The case is not entirely without an argument, however, for the Supreme Court had "relaxed" its "self-imposed rule" allowing plaintiffs in some circumstances to argue for third-party rights. Eisenstadt v. Baird (1972) 405 U.S. 438, 444.  The examples cited in Eisenstadt include a real property case arriving from a California decision, Barrows v. Jackson (1953) 346 U.S. 249. There, for asserting third-party vendees' rights, the vendor was found having sufficient standing, because there was "a direct, pocketbook injury to [the vendor]." Id. at 256.  A similar connection might be made in the Hotop case, if (1) plaintiff landlords can show sufficient pocketbook injury related to disclosing tenants' information, and (2) that pocketbook interest could be shown in overcoming the interest in enforcing the ordinance (good luck on that one).

The standing to fight for privacy rights of third parties in California state courts is mostly brought up in connection with media and online services. See discussion in Yelp Inc. v. Superior Court (2017) 17 Cal.App.5th 1, 9,  review denied (Feb. 14, 2018). The discussed cases, however, included the element of an anonymous speaker, who is presumed in desire to remain anonymous. Here, it is hard to say upfront that tenants desire to remain anonymous, especially if their information is sought for the purposes of enforcing tenants' rights. What I may predict landlords might be electing to do in the future, is to have an opt-out form for tenants to sign, indicating their preference in being disclosed or remaining anonymous. Yet for the already existing information and in absence of the opt-out, a third-party's right to privacy is a tough cause to sue for.

Within the recent state-court decisions, the right is also hard to win on.

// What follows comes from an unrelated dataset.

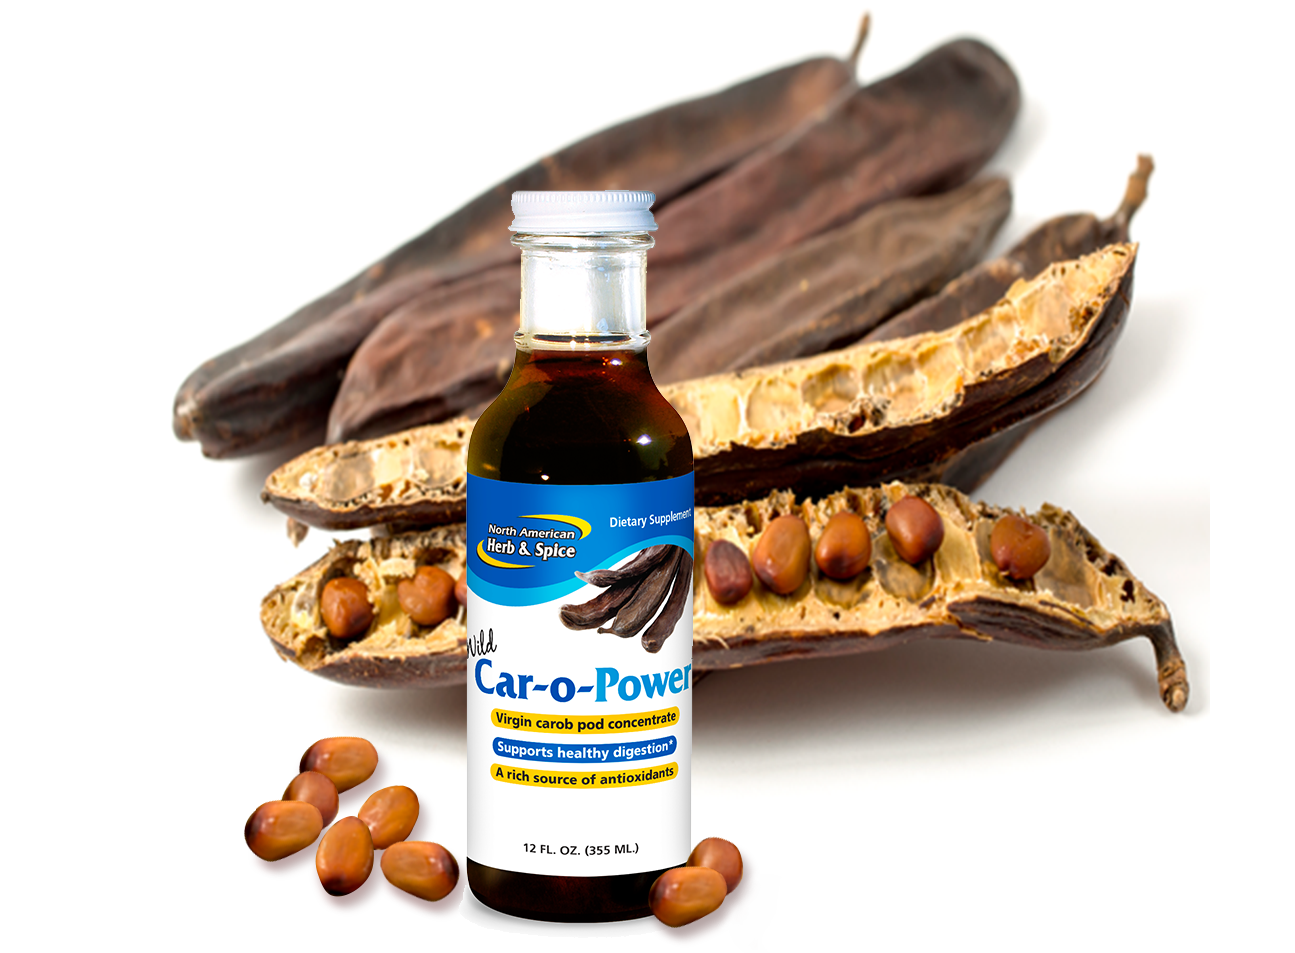 Carob ingredient with Car-o-Power product
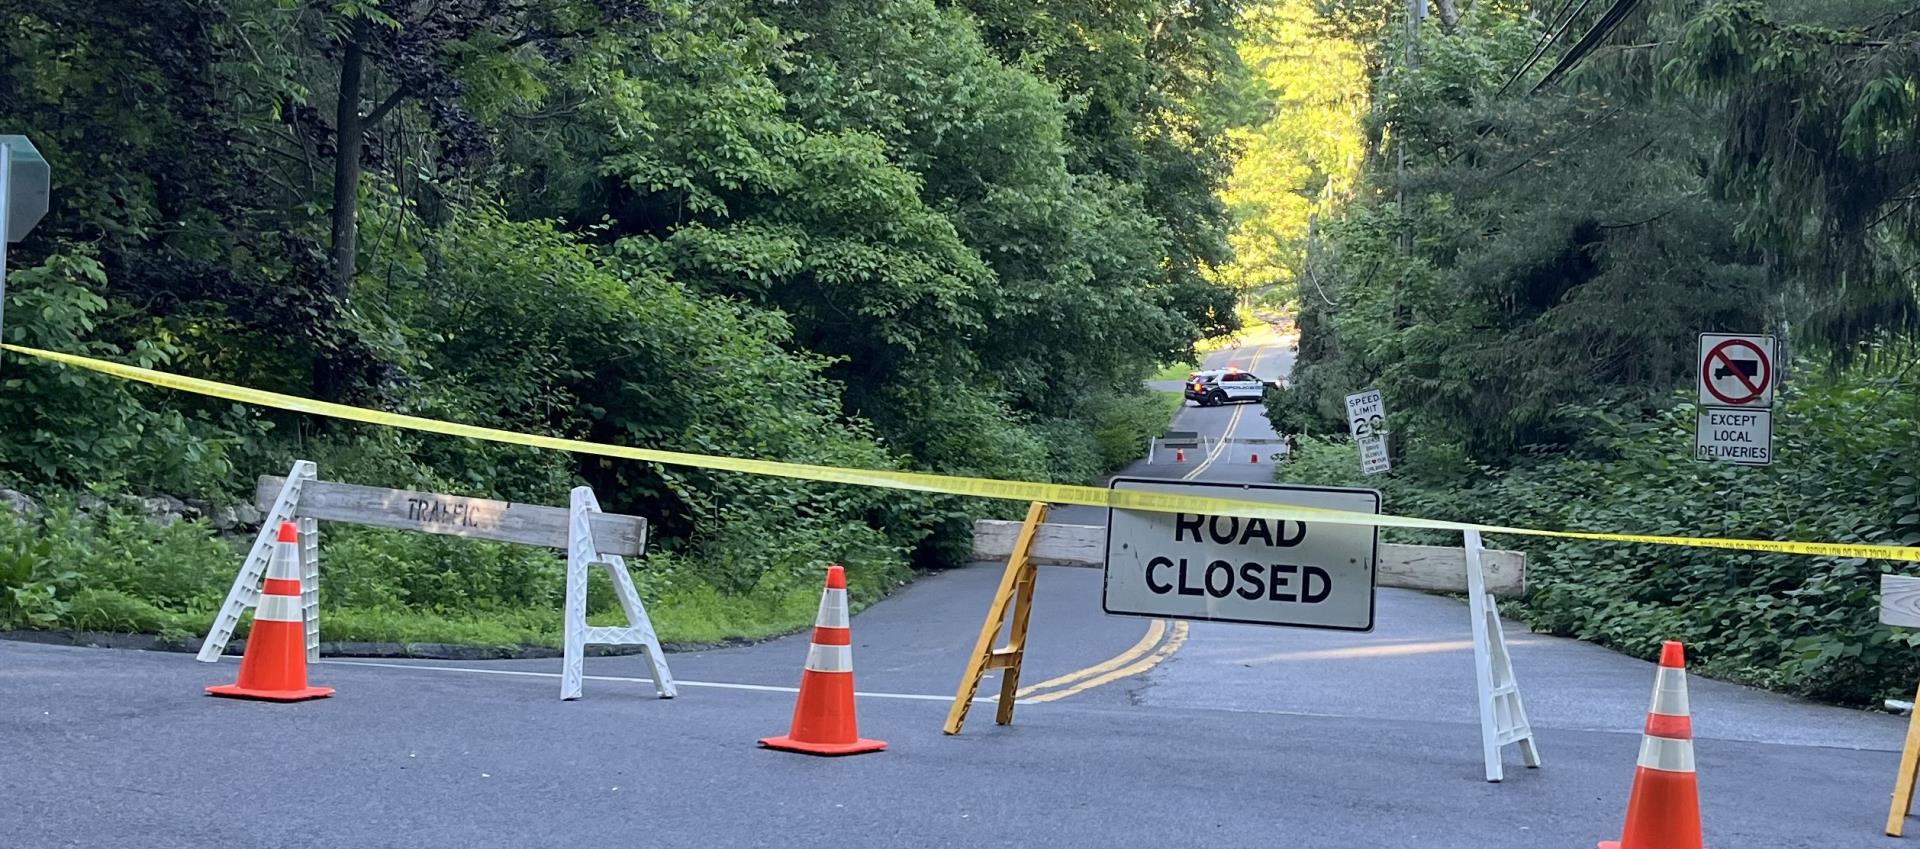 A picture of Mill Road Bridge closed with caution tape and cones in front of the bridge

See, e.g.,  In re Q.R. (2017) 7 Cal.App.5th 1231, 1237. The courts usually apply a balancing test of privacy interest vs. an purpose in disclosure [In re Clergy Cases I (2010) 188 Cal.App.4th 1224, 1235], and you may have noticed from the case above that the interest in furtherance of public policy in enforcing rental protections is usually given enough weight to overcome someone's individual privacy concerns. If still in doubt, read Department of Fair Employment and Housing v. Superior Court (2002) 99 Cal.App.4th 896, 903, as modified (June 26, 2002), where the tenants' information was found proper to be disclosed: "The Department's interest in prohibiting discrimination in housing outweighs any privacy interest of those applicants for housing with Keller and Mattox who were denied housing, or those who were accepted as renters." Id. at 904. This interest was found overcoming even the right to "autonomy privacy." However, an argument still might be made for the ""autonomy privacy” interest in choosing the persons with whom a person will reside," which worked in Tom v. City and County of San Francisco (2004) 120 Cal.App.4th 674, 680. Or perhaps, the plaintiffs could bolster their case by analogy with an employer-employee relationship, where the employer is charged with protecting employee's privacy: compare, Cal. Lab. Code § 1198.5 [own records] with requirements under CCP § 1985.6 for requesting someone else's records.

In any event, this San Jose case seems to be facing an Everest of a challenge to even get out from its initial stage. Ironically, the very landlords who petitioned for halting the registry might soon start appreciating its benefit in offering them the record evidence, assisting in rooting out bad actors and helping in assessing a purchase of a rental property.